| What you are asked to do |
Among the records below, find the line with "Sculpture by the" and the line with "Role of advanced technologies in healthcare". Set down both and every line between, exactly and with no pictures, but nothing else.

| Supplied material |

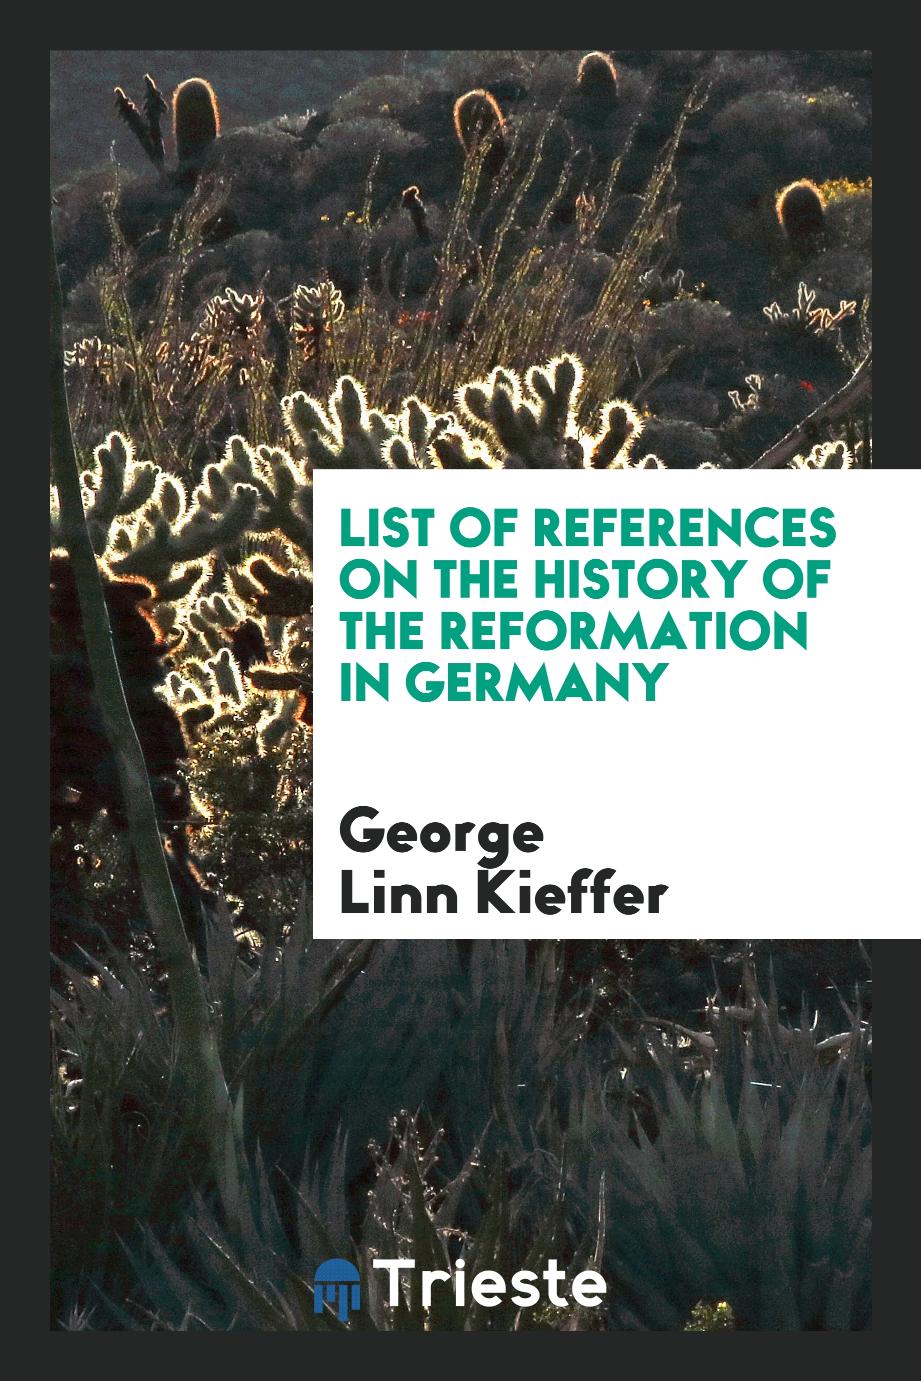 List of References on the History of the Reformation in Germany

--

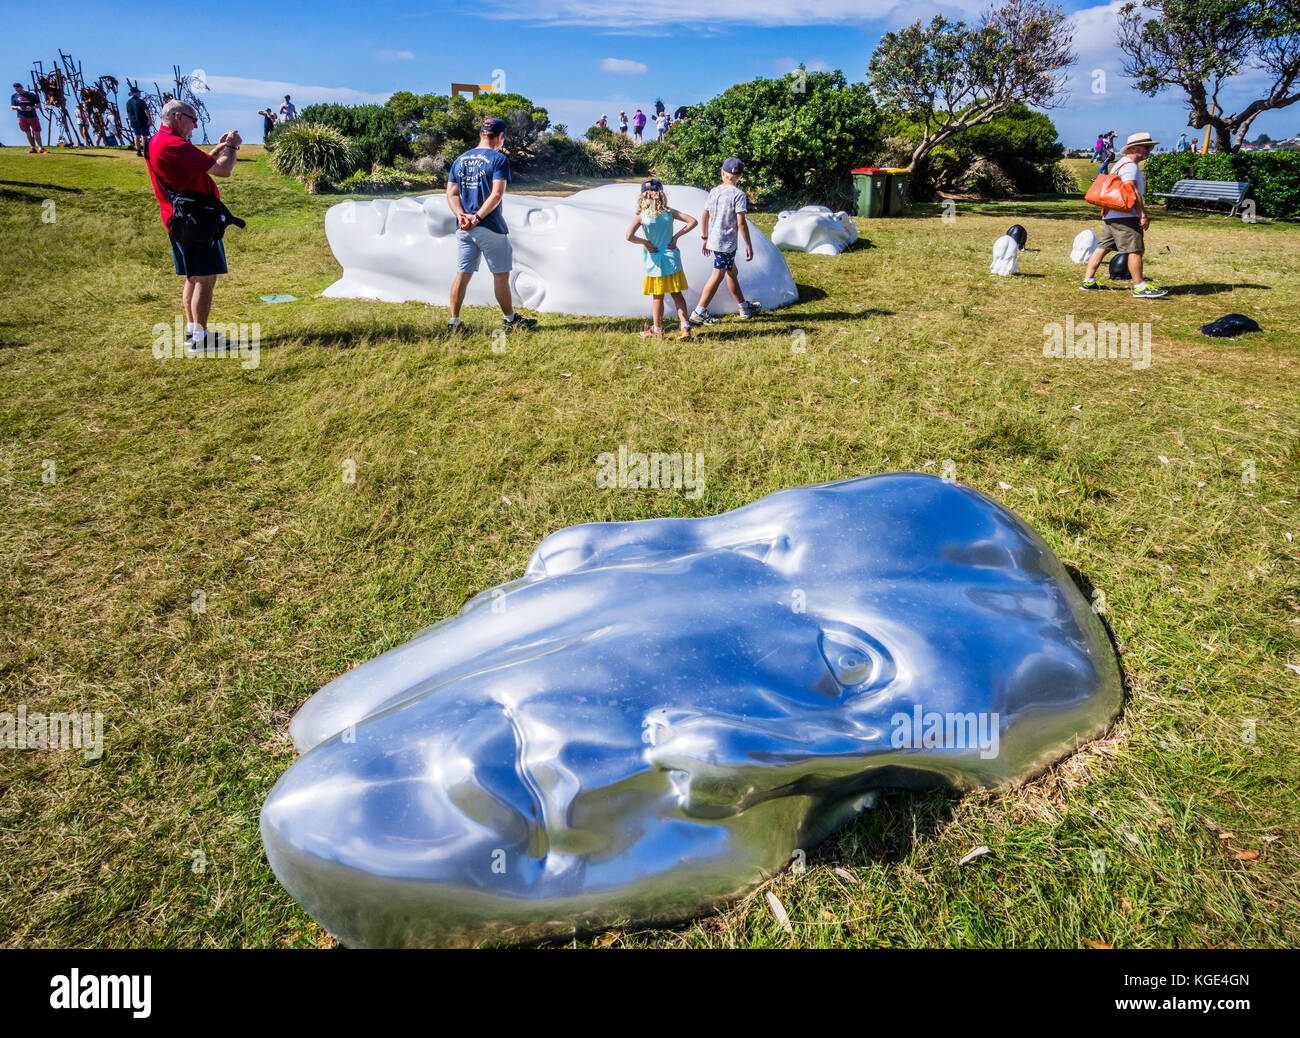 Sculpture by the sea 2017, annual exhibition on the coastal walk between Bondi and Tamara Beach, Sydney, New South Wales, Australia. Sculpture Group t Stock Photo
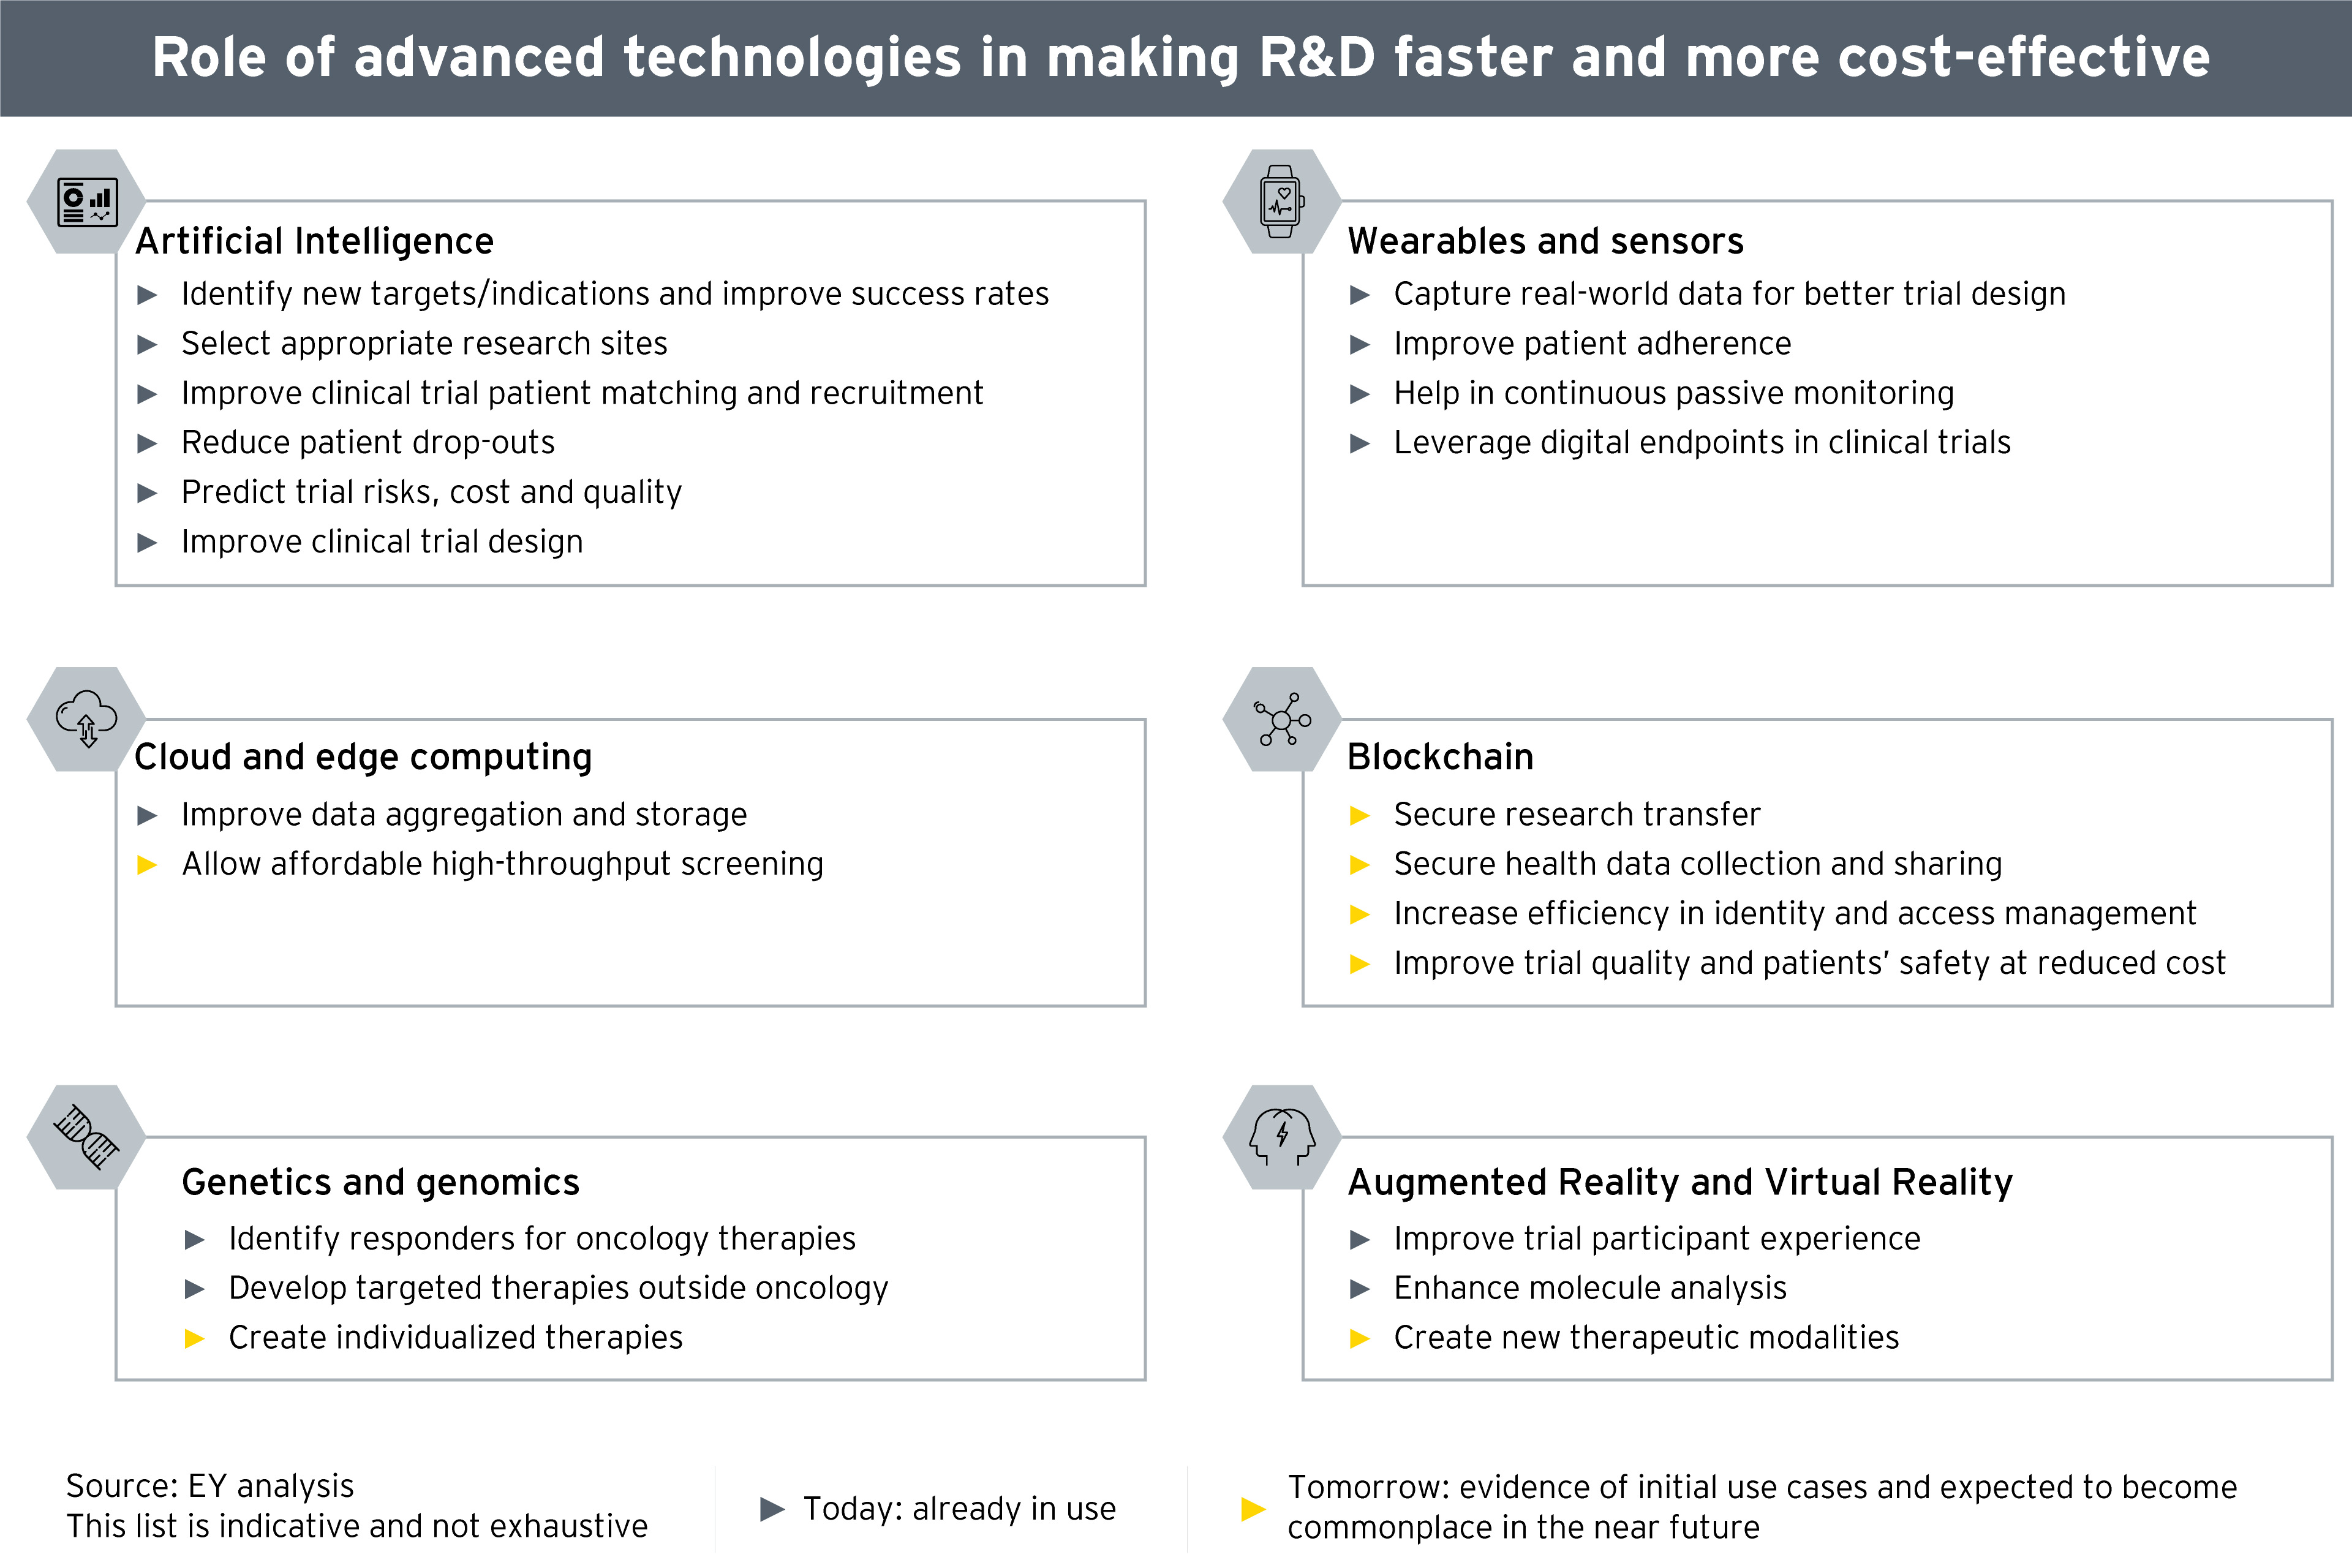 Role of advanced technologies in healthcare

==

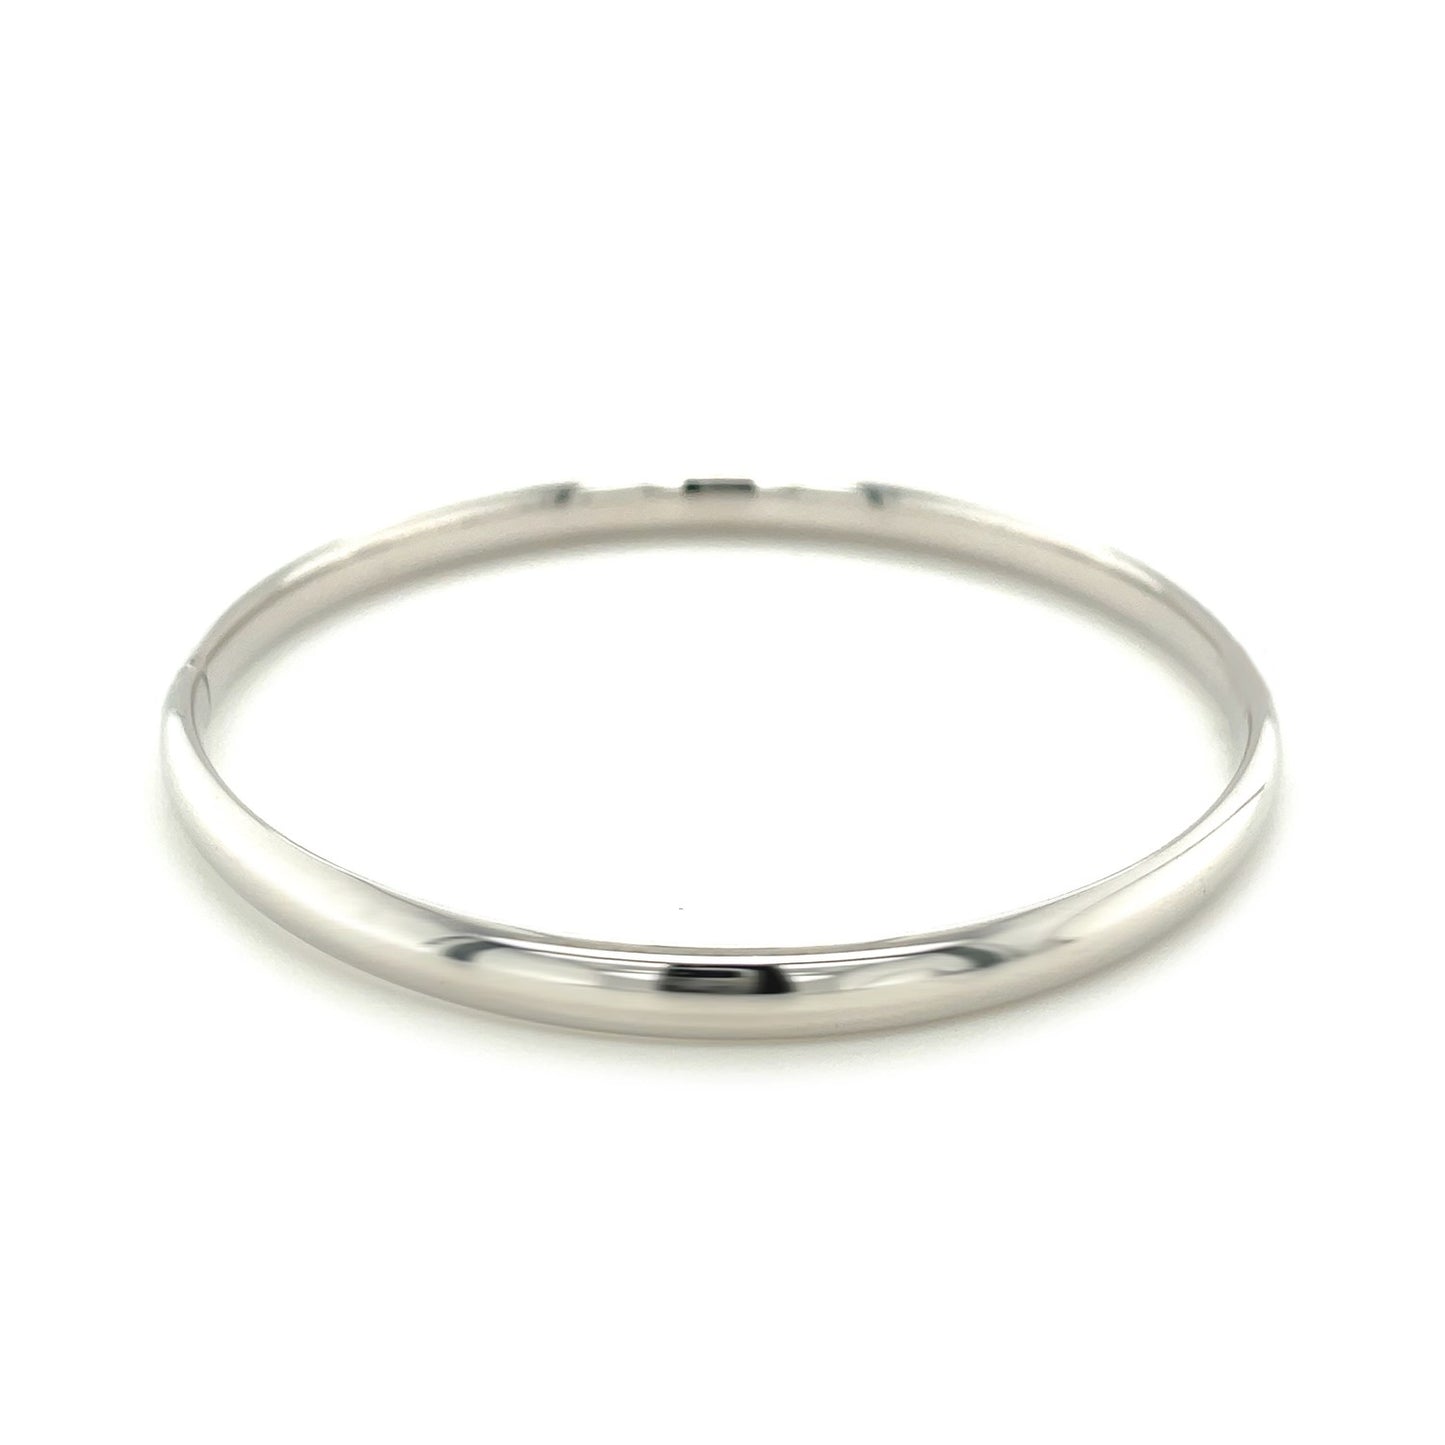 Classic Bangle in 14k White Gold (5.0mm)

| Reply |
 Sculpture by the sea 2017, annual exhibition on the coastal walk between Bondi and Tamara Beach, Sydney, New South Wales, Australia. Sculpture Group t Stock Photo
 Role of advanced technologies in healthcare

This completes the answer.